The Pew Commission was made up of scientists, fishermen, environmentalists, and elected officials including the governor of New York and had as its primary focus America’s living marine resources. Its chair, Leon Panetta, was a former congressman, lifelong Democrat, and chief of staff in the Clinton White House.
The U.S. Commission included representatives from the offshore oil industry, ports, Navy admirals, academics, and Titanic explorer Bob Ballard and had a broader mandate to look at all aspects of the sea including commerce and defense. Its chair, Adm. Jim Watkins, was a former chief of naval operations, a lifelong Republican and secretary of energy under the first President Bush.
After several years of public hearings around the country, they put out reports in 2003 and 2004. Given their very dif
ferent makeups, their findings were remarkably similar. Both commissions concluded that the physical and ecological degradation of America’s coasts and oceans had reached a critical stage that now threatened the nation’s economy, security, and environment. They proposed a range of solutions aimed at boosting our ability to maintain our ocean-dependent economy while restoring healthy and abundant seas and preventing natural disasters like Hurricane Katrina from turning into human catastrophes as a result of bad policy choices.
Inside the Pew Commission, retired Coast Guard Adm. Roger Rufe, who headed the Ocean Conservancy, lobbied hard for the old Stratton Commission proposal that a new ocean agency be created, this time with the Coast Guard and NOAA at its heart. While Leon Panetta worried this would be a hard sell in Washington, they eventually agreed to move forward on the idea.
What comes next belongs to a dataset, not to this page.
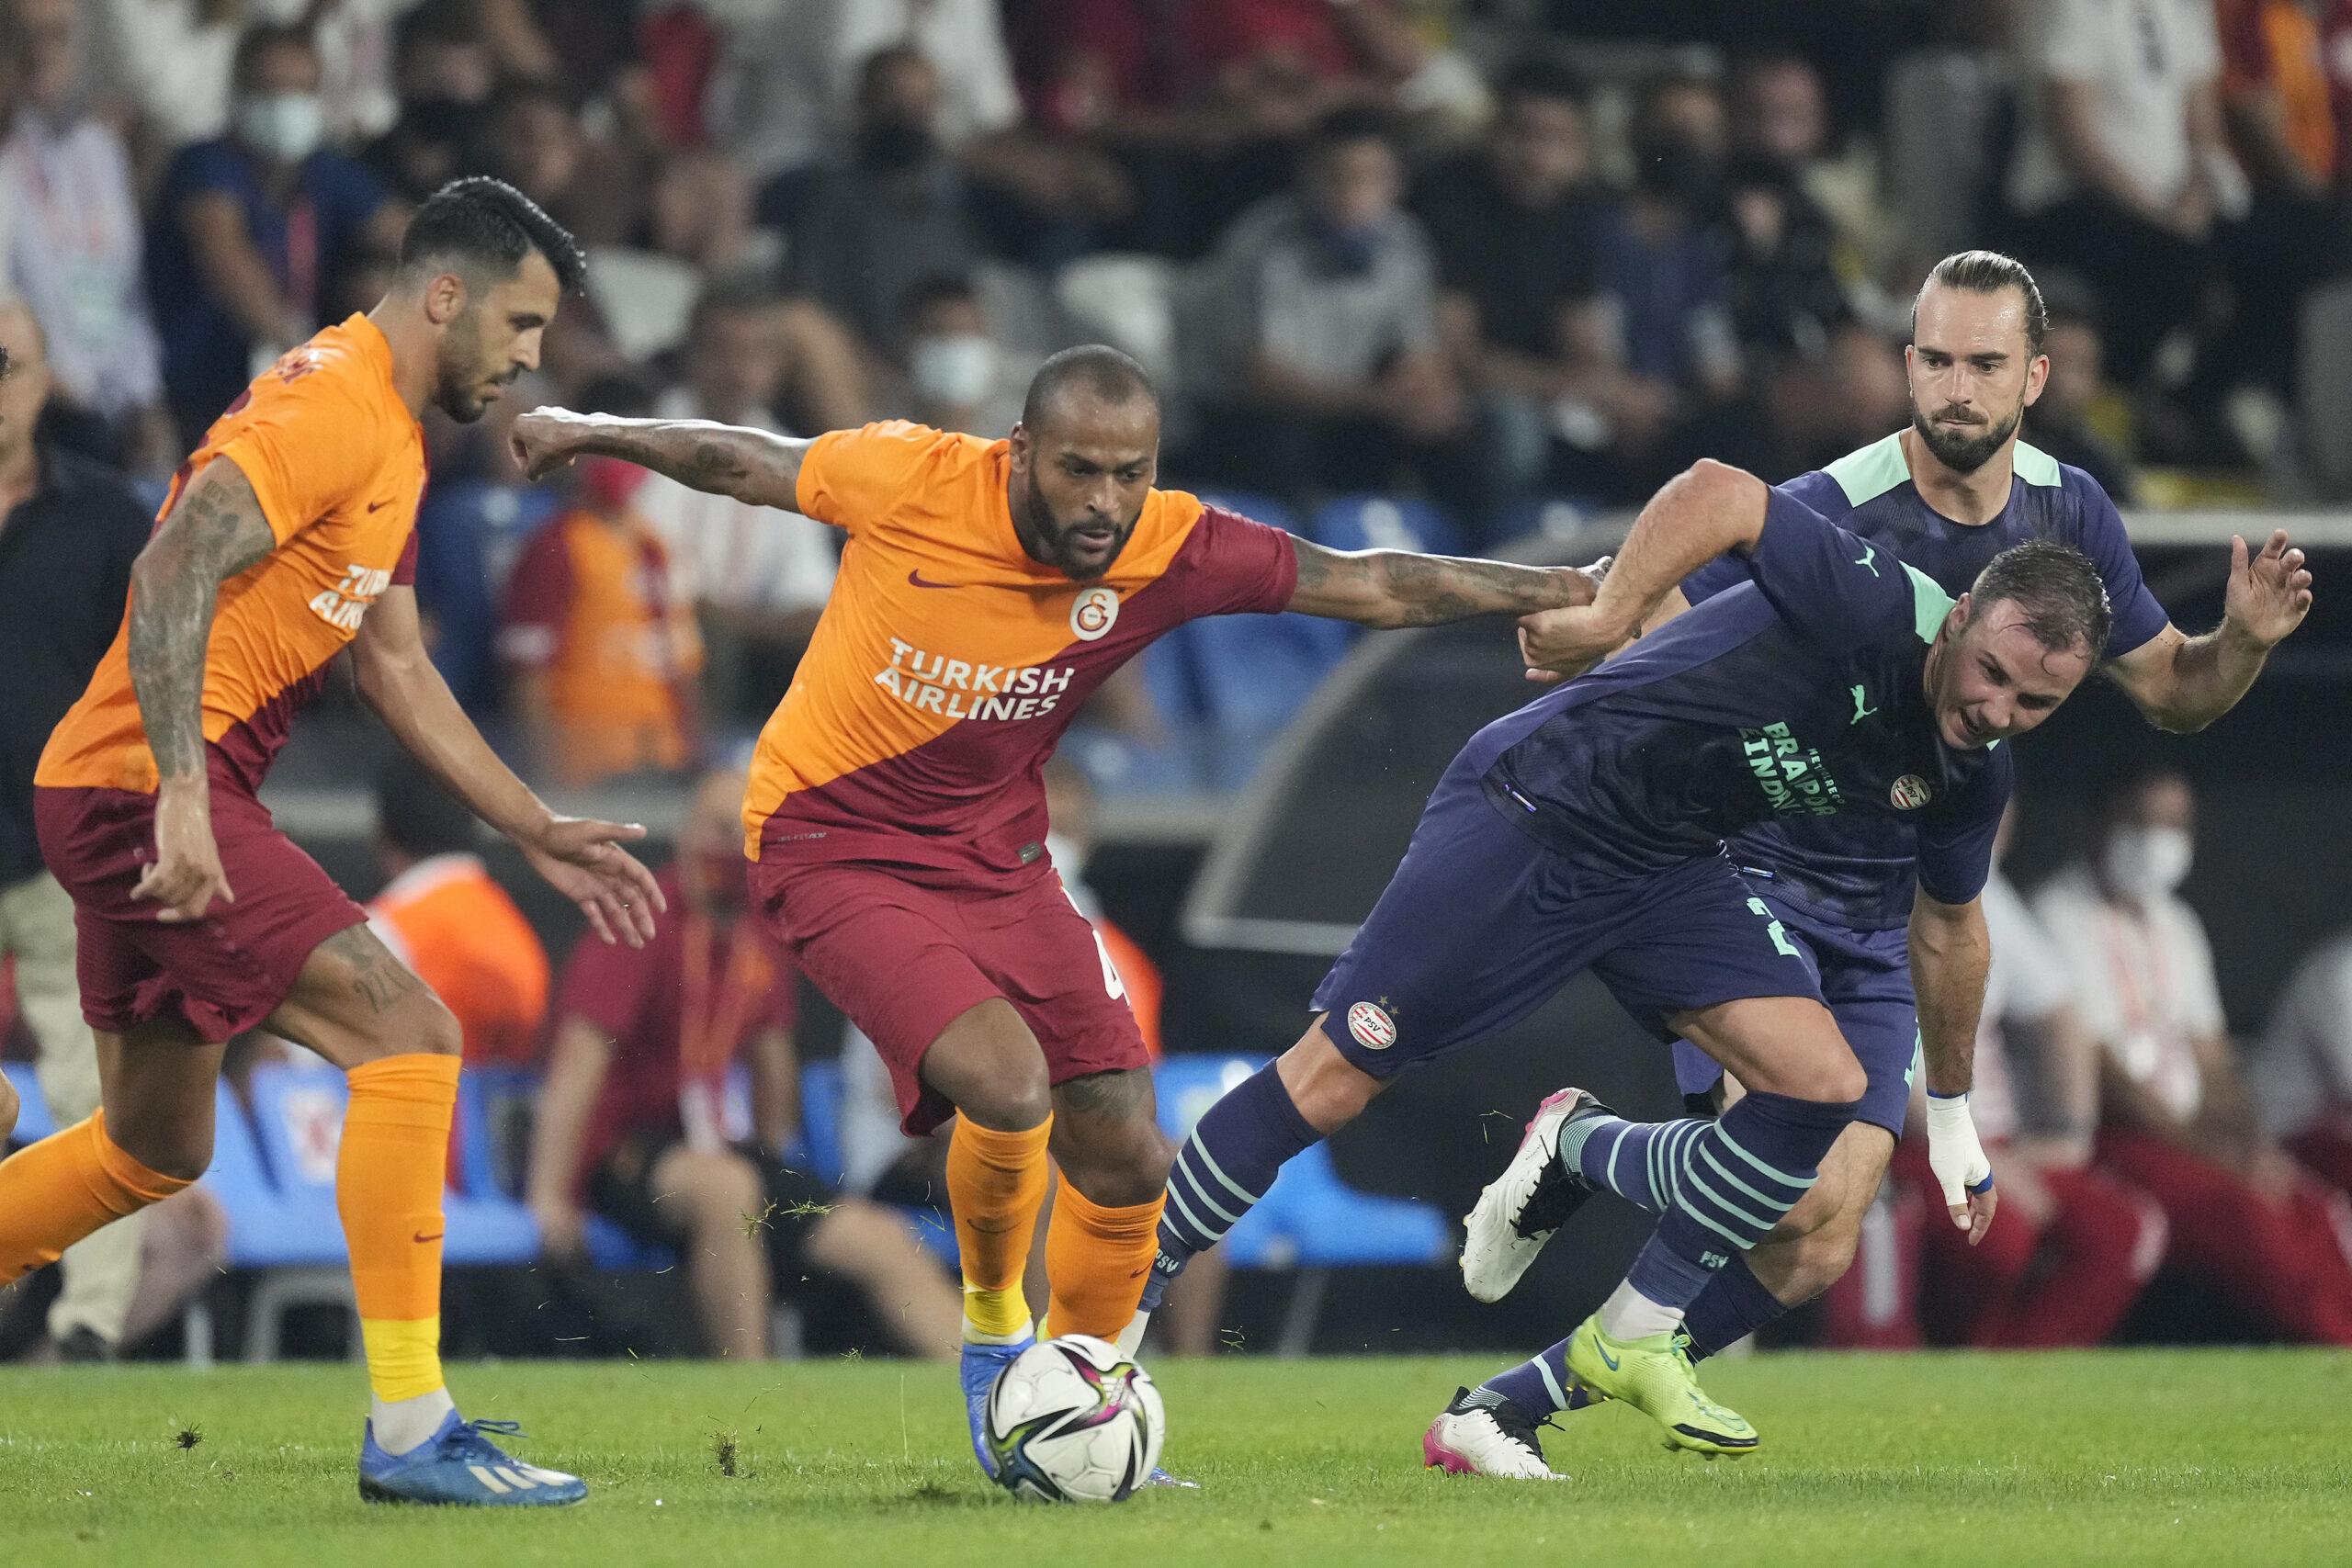 Pronostici Europa League, tre consigli per l'andata del 3° turno di qualificazione

Then, thirty-five years after the Coast Guard got shunted off to the Department of Transportation, the post–9/11 Bush administration, for political reasons, established the Department of Homeland Security and made the Coast Guard a part of it.
The Pew Commission went ahead and proposed “an independent agency outside the Department of Commerce to address the national interest in the oceans and atmosphere,” presumably now to be made up of a reinvigorated NOAA.
Before his retirement Senator Fritz Hollings of South Carolina, a longtime ocean champion on the Hill, called members of the U.S. Commission on Ocean Policy “sissies” for not making a similar recommendation for an independent Department of the Oceans.
U.S. Commission members told me they did not believe an independent agency was “politically feasible” at the time, especially after Congress had just done a major government reorganization with the creation of the Department of Homeland Security.